Él alzó su mano, agitando sus dedos metálicos en espera que ella lo hiciera. Charlotte lo hizo, entrelazándolos con cuidado y viendo la diferencia de tamaño en ellos.

Empieza a amar a Derek, no solo por el hecho de que la rescato sino porque fue el primer hombre que ve a Charlotte Hoffman, no una mejorada destrozada.

Sus labios se unieron en un delicado beso, sellando su silenciosa promesa de estar juntos aún cuando la verdadera pelea apenas empezaba.

El desayuno fue interrumpido por la fuerte alarma sonando en todo el piso. El soldado se quejó, tirando su cabeza hacia atrás.

── ¿No puedo tener un desayuno tranquilo con mi mujer?

── Nicht unter diesem Dach (No bajo este techo) ── respondió en alemán.

── Claro, búrlate de mí.

Charlotte persiguió a Derek directo a la sala de conferencia aún en pijamas. El resto de los agentes miraron con pesadez a H.H quien los ignoro y creó una sonrisa genuina en su rostro.

── Buenos días, agentes. Me alegra que disfruten de su mañana libre ── comentó con diversión ── Ahora, encontramos una pista de KORB. Parece que estuvieron jugando todo este tiempo con nosotros, siguen a la vista. El edificio A─I, donde rescatamos a Charlotte sigue teniendo indicios de personas dentro.

── ¿Indigentes? ── Morgan propuso.

── No. En esa área ninguno se metería por el frío. Charlotte, prepárate para tu primera misión.

── De donde salí, tendré que entrar ── murmuró.

── En diez minutos, ni uno más ── declaró el director.

En sincronía, los agentes se levantaron.

── Louise ── Derek llamó.

La mujer rubia se acercó, sus lentes en forma de corazón llamaron la atención de Charlotte.

── ¿Qué hay ahí abajo? ── ella cuestionó. Intentó quitar los lentes y recibió un golpe.

── Nada, curiosa ── replicó.

── ¿Una prueba que alguien bebió mucho? ── canturreó.

── Cállate ── murmuró ── Haz algo con tu mujer, Roth.

Derek rodó los ojos ── Ayúdala con su traje. Nada de faldas o vestidos que la incomoden. Consigue algo oscuro o gris, amarra su cabello...

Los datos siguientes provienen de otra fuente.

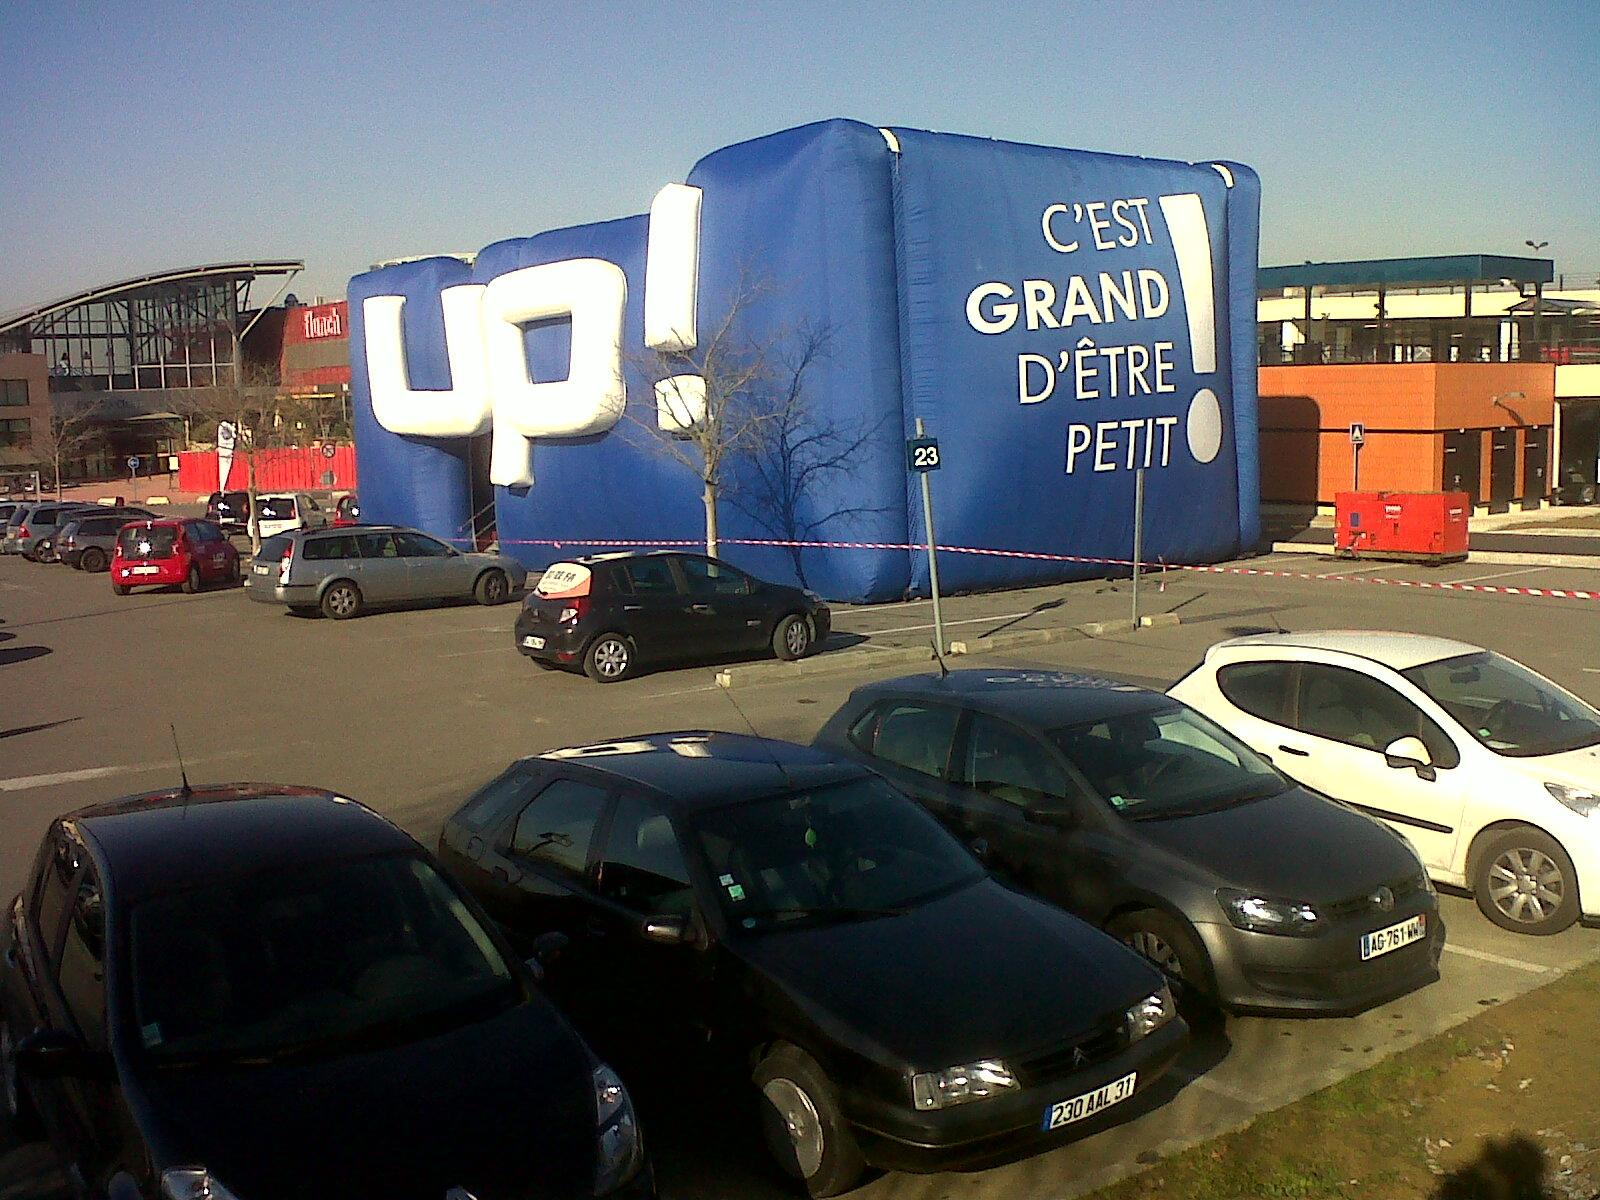 Espace Gramont

── Derek, sé lo que hago. También soy una agente por si no lo recuerdas ── intervino. Juntó su brazo con el Charlotte, llevándola ── ¿Desde cuándo se volvió mandón?

── Desde que nació ── rio, dio un rápido vistazo al hombre transmitiendo que estaba bien ── ¿Y ayer conquistaste?

Ella sonrió ── Claro que lo hice. ¿Quién crees que soy? ¿Morgan?

El armario de Louise Wilde era tan variado que solo se podía observar un solo color: negro. Un pantalón, camiseta, botines e incluso una chaqueta fueron tirados en la cama.

── Fue mi primer conjunto de agente ── Louise suspiró, nostálgica ── Claro que en ese tiempo mis pechos eran más pequeños.

── Quisiera tomarlo como una ofensa pero no puedo ── se quejó ── ¿Todos se visten como chicas malas?

── Solo es para dar emoción ── guiñó un ojo con diversión ── Te espero en el avión.